**MATERIAL PROVIDED:**
========================

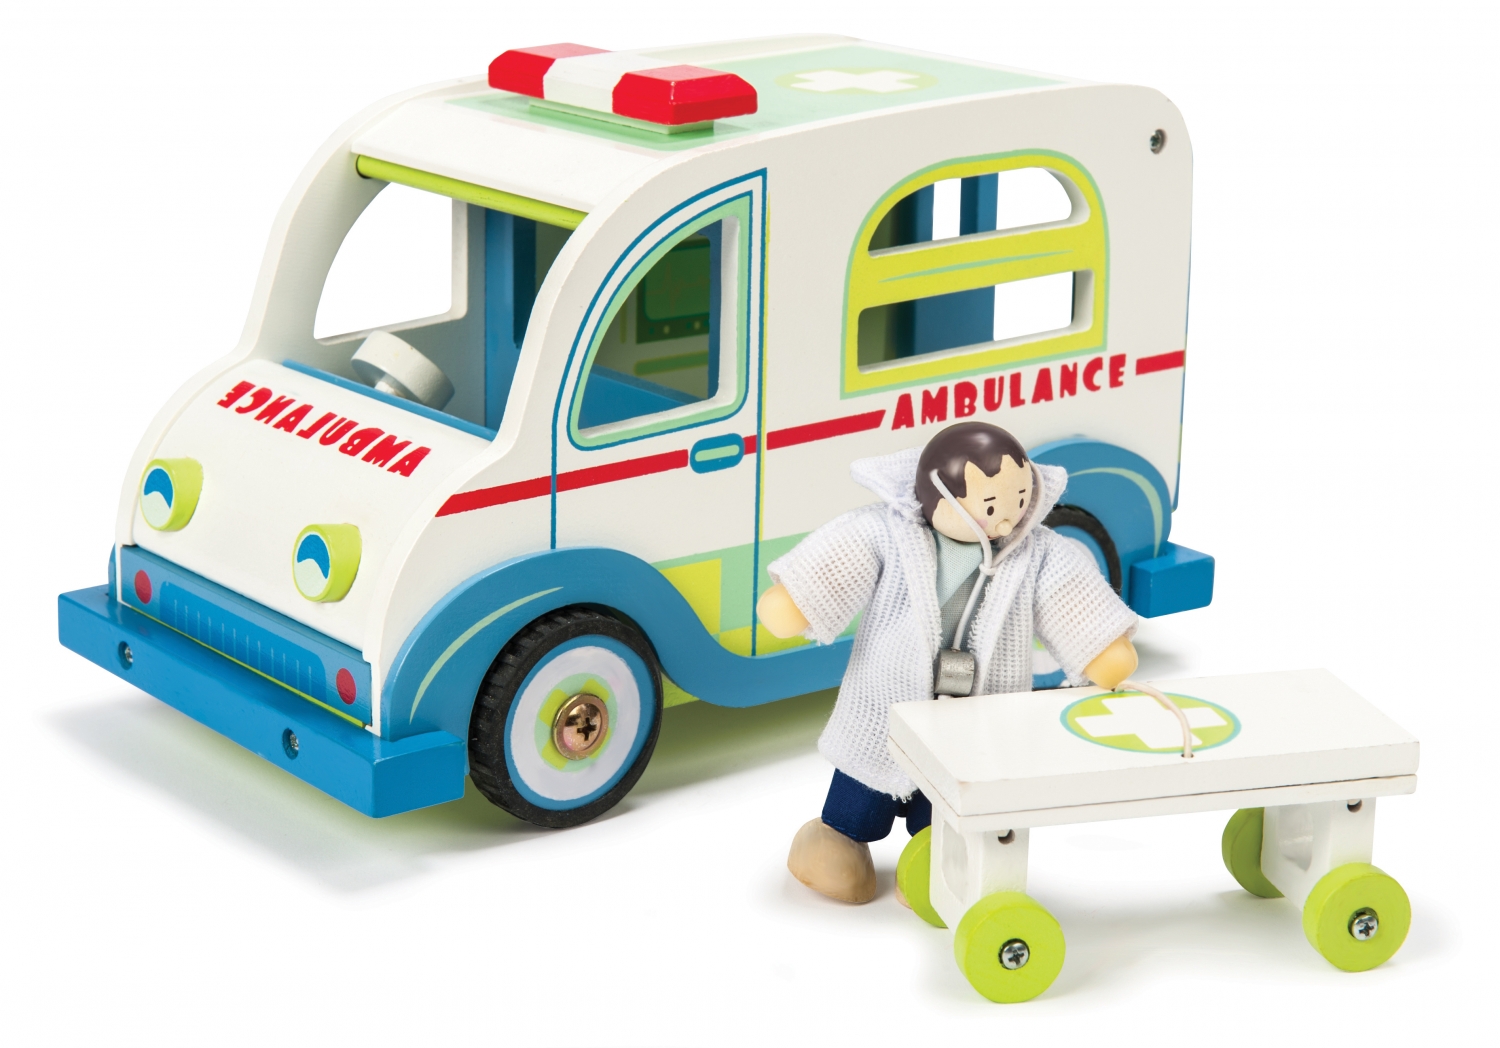 Modderig Helder op Omleiding Prachtige houten ambulance set!
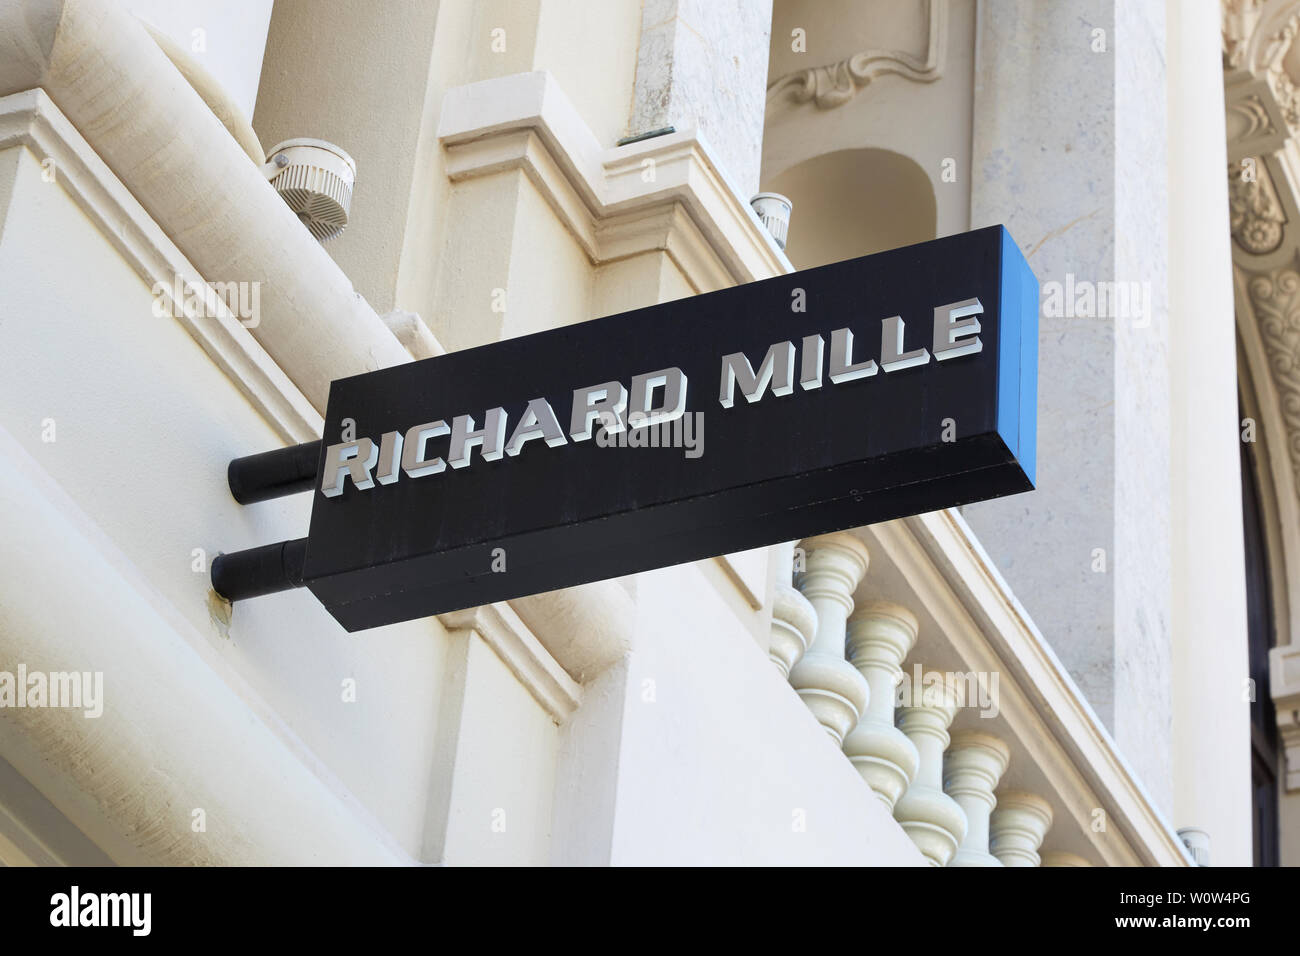 MONTE CARLO, Monaco - Agosto 21, 2016: Richard Mille signo tienda de relojes de lujo en Monte Carlo, Mónaco. Foto de stock
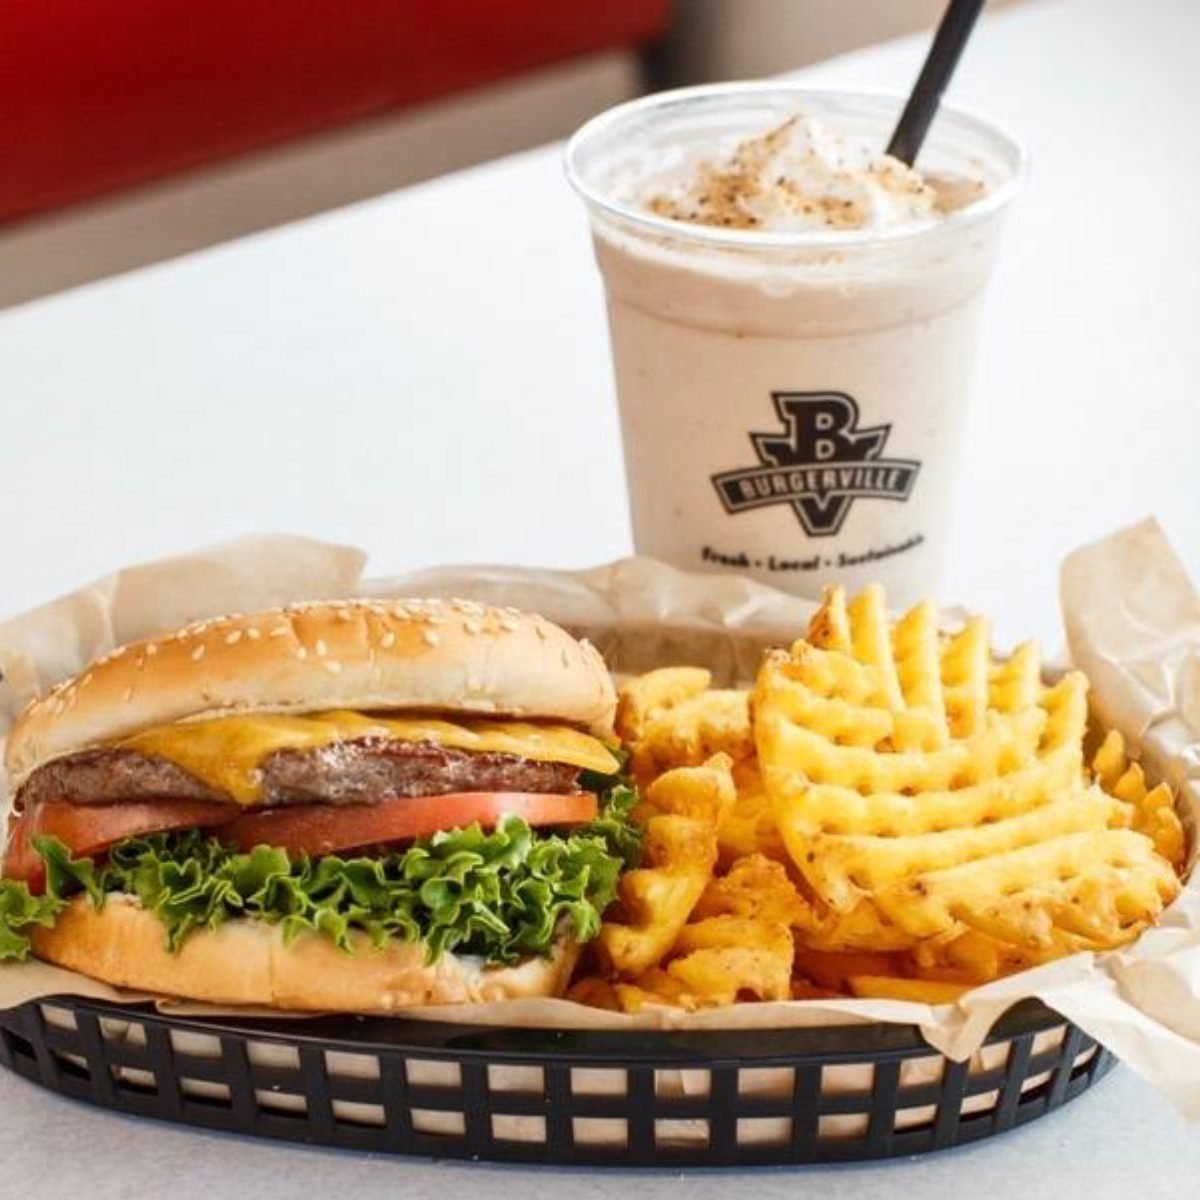 Burgerville burger, fries and shake

========================

**WORK TO COMPLETE:**
Write the data out again word for word; leave the pictures behind.

**TASK RESPONSE:**
 Modderig Helder op Omleiding Prachtige houten ambulance set!
 MONTE CARLO, Monaco - Agosto 21, 2016: Richard Mille signo tienda de relojes de lujo en Monte Carlo, Mónaco. Foto de stock
 Burgerville burger, fries and shake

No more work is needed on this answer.